The government puts out a regular flow of official figures and statistics that show record levels of economic growth, production and inflow of foreign exchange. In addition the government insists that its efforts at resettlement of the war displaced and reconstruction of the north and east of the country is exemplary. Due to the faith that people put in the words of their government leaders this is also the dominant view in the country. The problem with a denial of reality is that it prevents the soul searching, introspection and self-critical changes that are necessary to improve any existing situation. Those who are not willing to accept that problems exist will also not be seeking solutions to them.

Sections of the government deny that there is an economic problem and claim that the economy is literally booming. Similarly there are sections of the government who deny that there is an unresolved ethnic conflict in the country. Instead they claim that with the end of the war there is inter-ethnic harmony, and dismiss the anti government actions of the Tamil Diaspora as being part of an international conspiracy to unseat a patriotic government. It is often the case that those who deny there is a problem are setting themselves up for a fall.

The government’s concern with regard to the forthcoming local government elections is a pointer that the government is aware of the problems it faces. While the propaganda arms of the government may claim that everything is well with the country, the political arm of the government appear to be aware of the possibility of an electoral reversal. Corrective Action is therefore on the cards and the New Year will show what they are. The influential Indian political commentator Kuldip Nayar has written that Sri Lanka is going on the wrong path.

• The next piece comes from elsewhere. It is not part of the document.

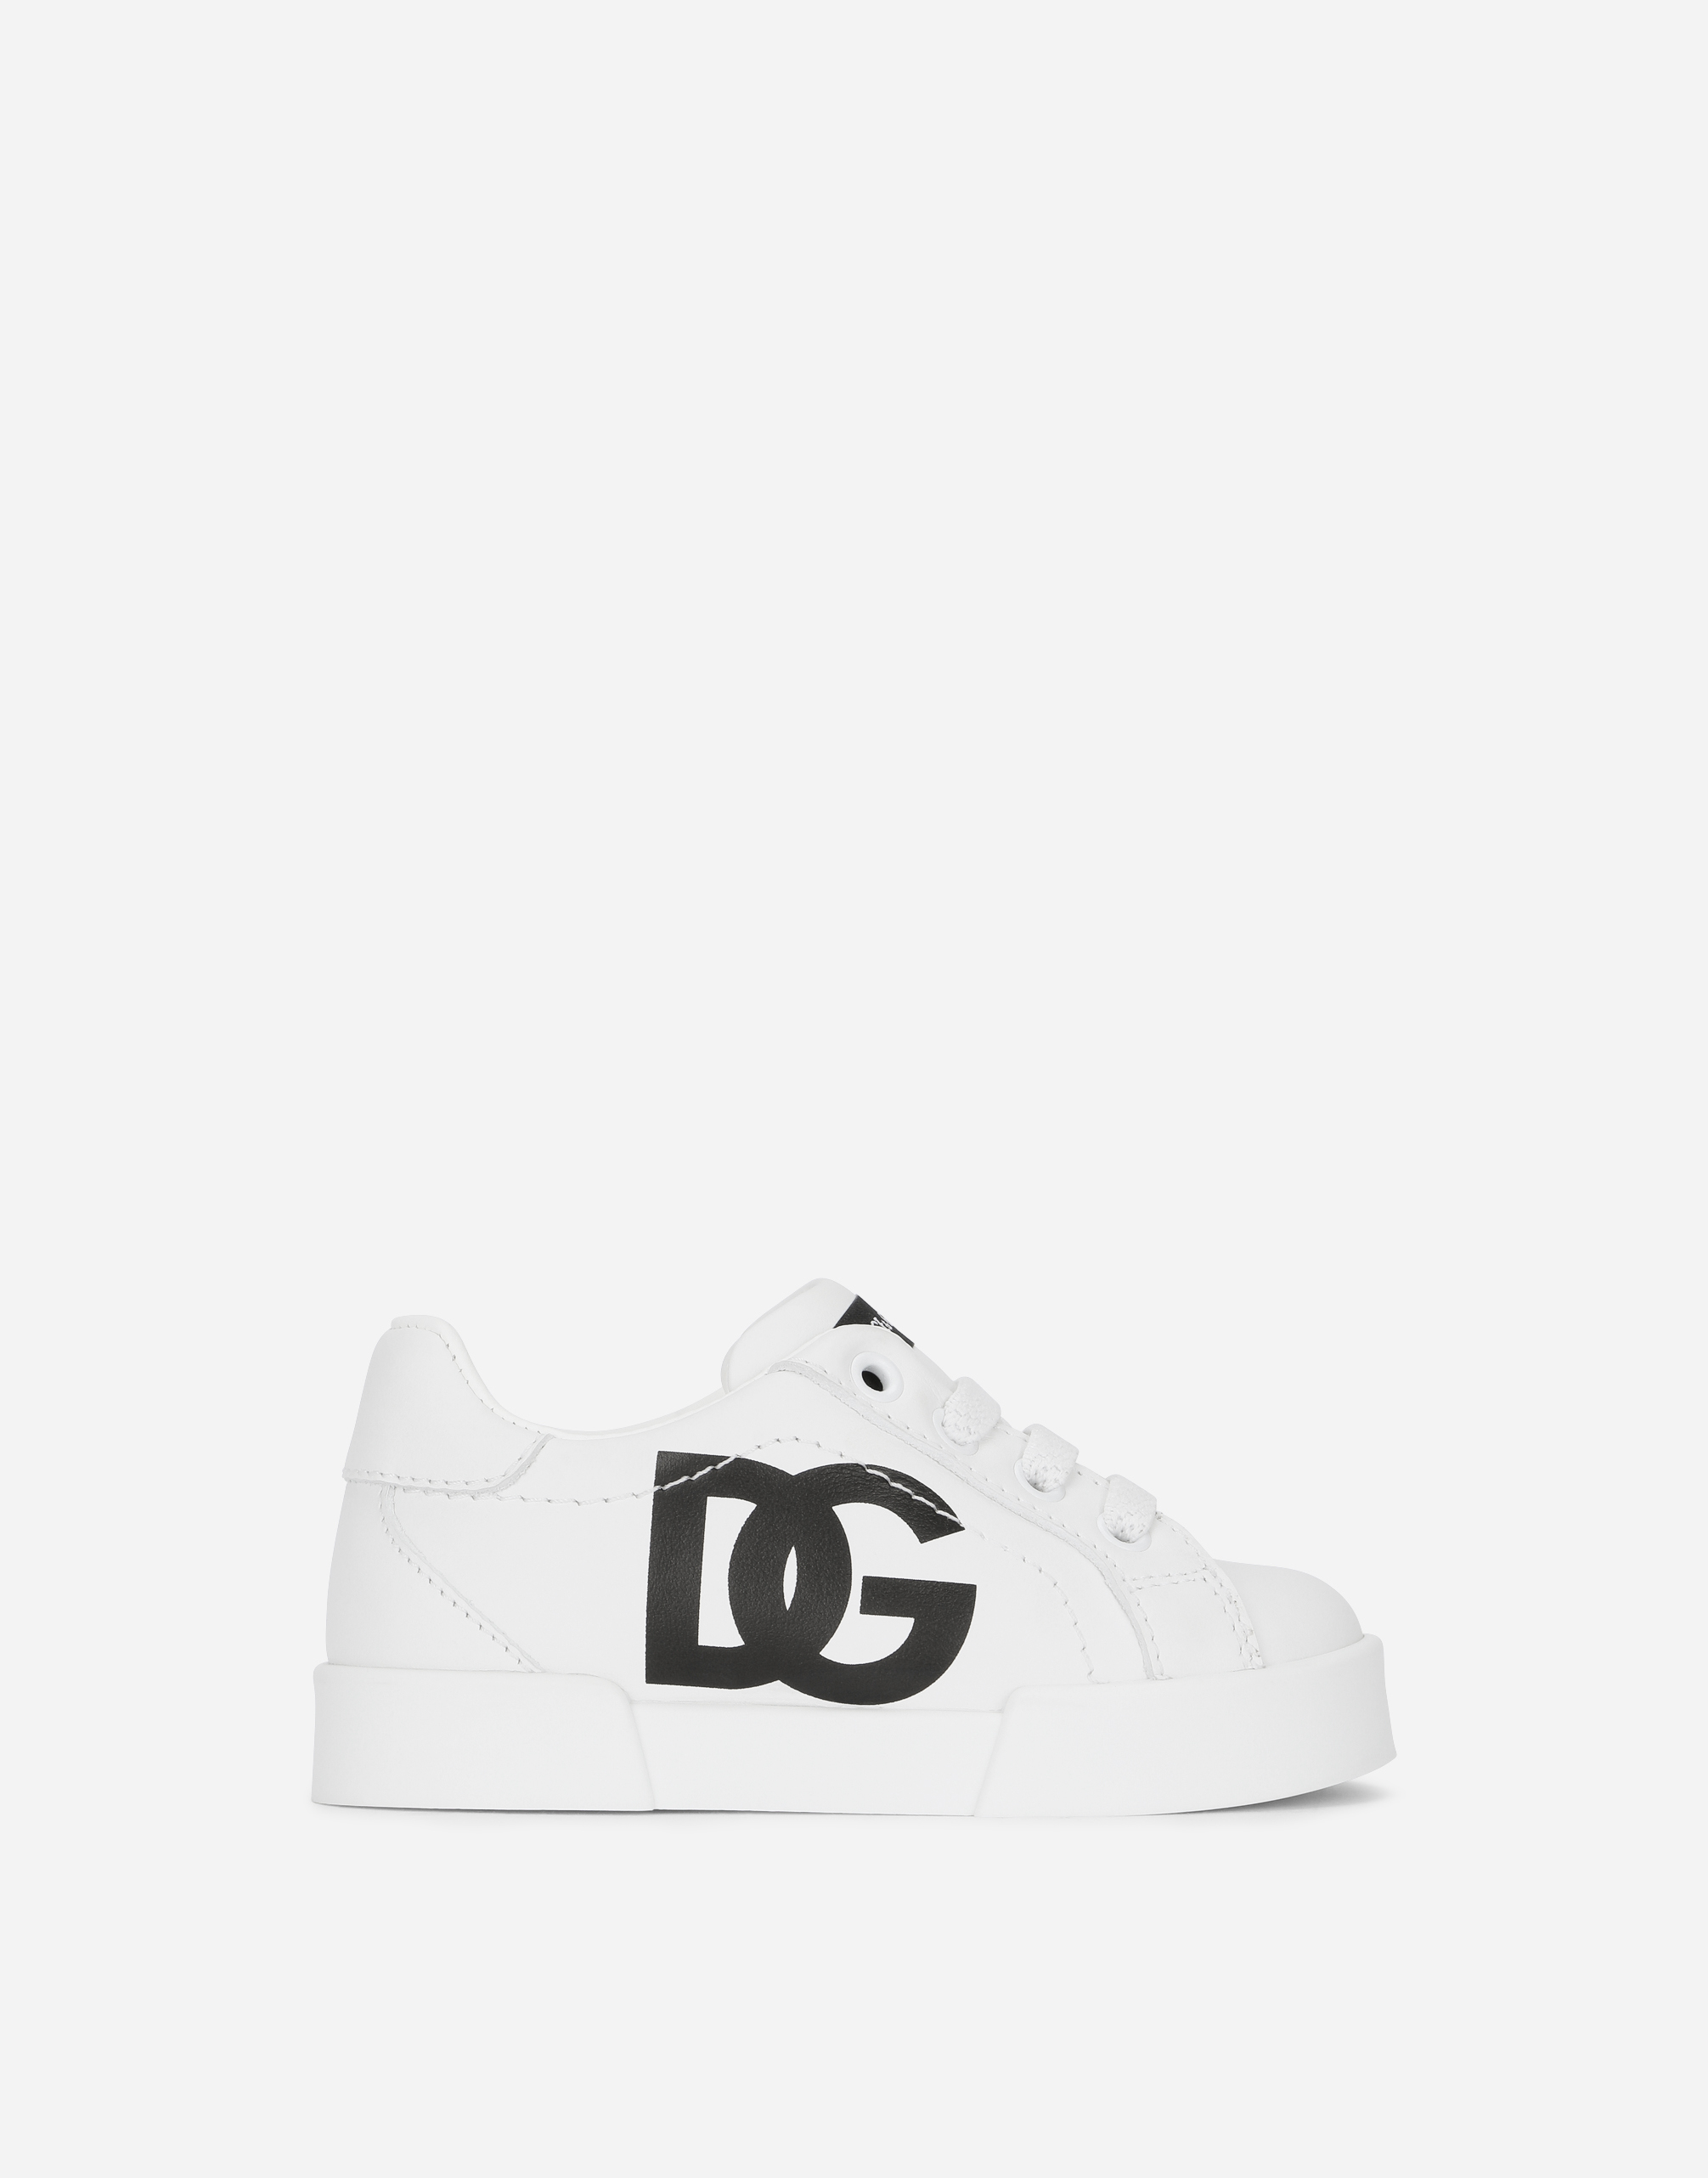 Portofino Light sneakers with DG logo in White

This is on account of his observations of the government’s failure to arrive a political accommodation with the ethnic minorities that gives them a due place in the governance of the country. His other observation relates to Sri Lanka’s foreign policy, and the government’s close relationship to China and Pakistan, which could prove detrimental to India.

However, there are many other issues that require the government’s attention if the country is to benefit fully from the end of the war. In the coming year, it is to be hoped that Sri Lanka will take the path of consensus building and development.

There is a huge peace dividend that waits to be claimed that could transform the economic life of the people. This could put the country in a position to devote more of its resources to compensate and rebuild the lives of its people, Sinhalese, Tamil and Muslim, who have suffered from the failure of successive governments to provide them with a safe and law abiding environment in which they and their children could live. The resettlement of all the war displaced and ascertaining the fate of all who went missing can be done to heal the wounds of the past and make Sri Lanka a positive model for the world rather than a negative one.